What is a histogram?

The histogram is a graphic representation of the brightness of your image that will help you determine if your photo (or part of your photo) is correctly exposed, underexposed (too dark), or overexposed (too light).

The graphic information in a histogram is displayed as ridges that spread from right to left, starting from black and going through the mid-tones and then to white. Each peak indicates the number of pixels for a particular level of luminosity: the higher the peak, the greater the number of pixels for that brightness level. Most modern digital cameras have four histograms. The primary one is the luminosity histogram which shows the overall brightness of a scene. This histogram usually has a monochromatic display—either white data on a black chart or vice versa. The other three histograms are the color histograms, representing the red, green, and blue-sensitive pixels on the sensor. These histograms are generally displayed in their respective colors. The luminosity channel is shown in the photo below:


The colored channels are shown in the following photo.

color histogram

Luminance histograms are more accurate than RGB histograms at describing the perceived brightness distribution or “luminosity” within an image. Luminosity takes into account the fact that the human eye is more sensitive to green light than red or blue light.

Is there a perfect histogram?

There are a lot of discussions on what the “perfect histogram” should look like. The claim is to have a distribution across all light levels in the image, as well as to have slightly increased exposure, and it shouldn’t extend to either far ends of the histogram. As the figure below

perfect histogram

I can’t say I totally agree with this thinking because it also depends on what is the condition of the actual scene lighting.

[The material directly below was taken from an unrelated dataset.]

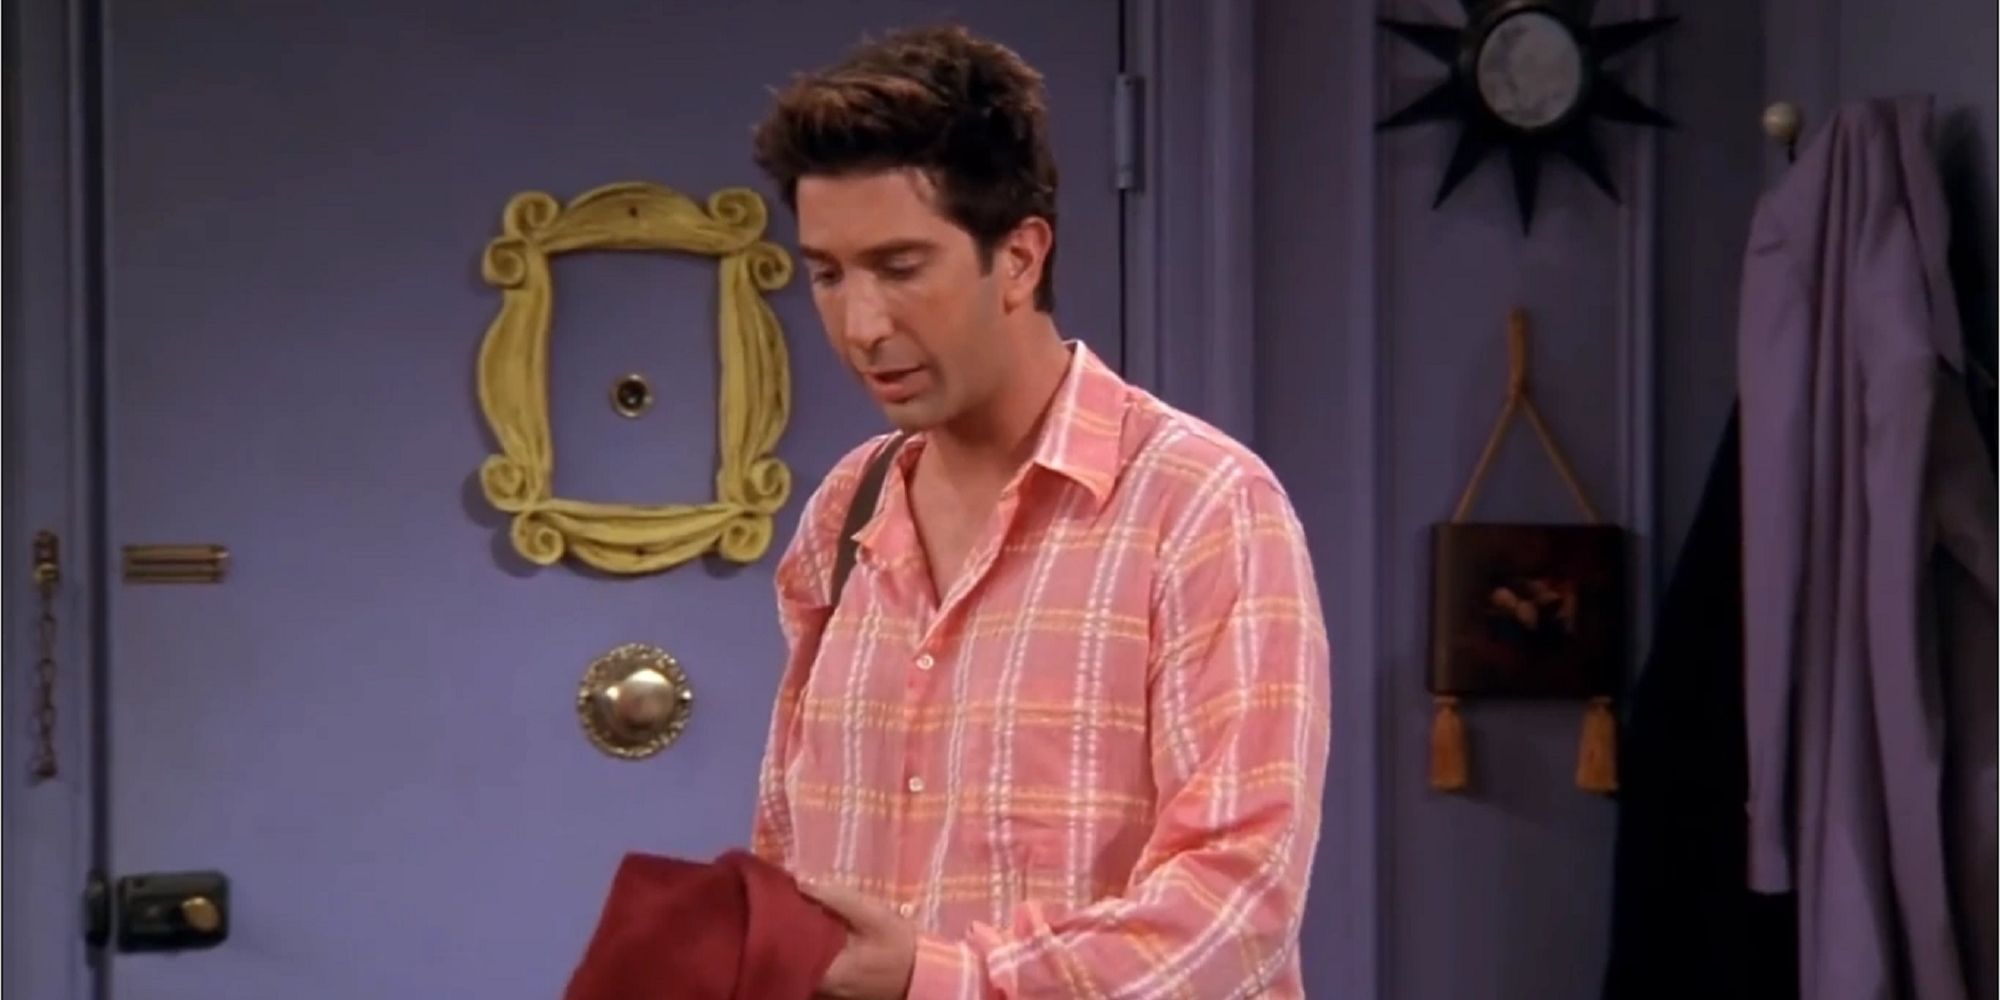 Ross holding a red sweater

The following is a histogram for a dark subject, it is not wrong it is just more shifted to the left to represent the tones of the subject. This might be a black subject or a dark background. This situation also happens in low key photography as shown in the figure below.

low key histogram

The following is a histogram for a light subject with mostly light tones in the scene and few dark areas. See how it is shifted to the right now versus the dark subject. It is also the situation of high key photography.

high key histogram

An image can be considered as corrected exposed when the tonal range is well distributed in the histogram, without clipping. A histogram is a good tool for knowing whether clipping has occurred since you can readily see when the highlights are pushed to the edge of the chart. Some clipping is usually ok in regions such as specular reflections on water or metal, when the sun is included in the frame or when other bright sources of light are present. Ultimately, the amount of clipping present is up to the photographer and what they wish to convey.

When you have to adjust your exposure

Gaps on either end indicate you are missing information and your exposure can be shifted safely without losing detail. If your histogram is shifted too far in one direction or the other so that it does not even touch the other edge as the figure below.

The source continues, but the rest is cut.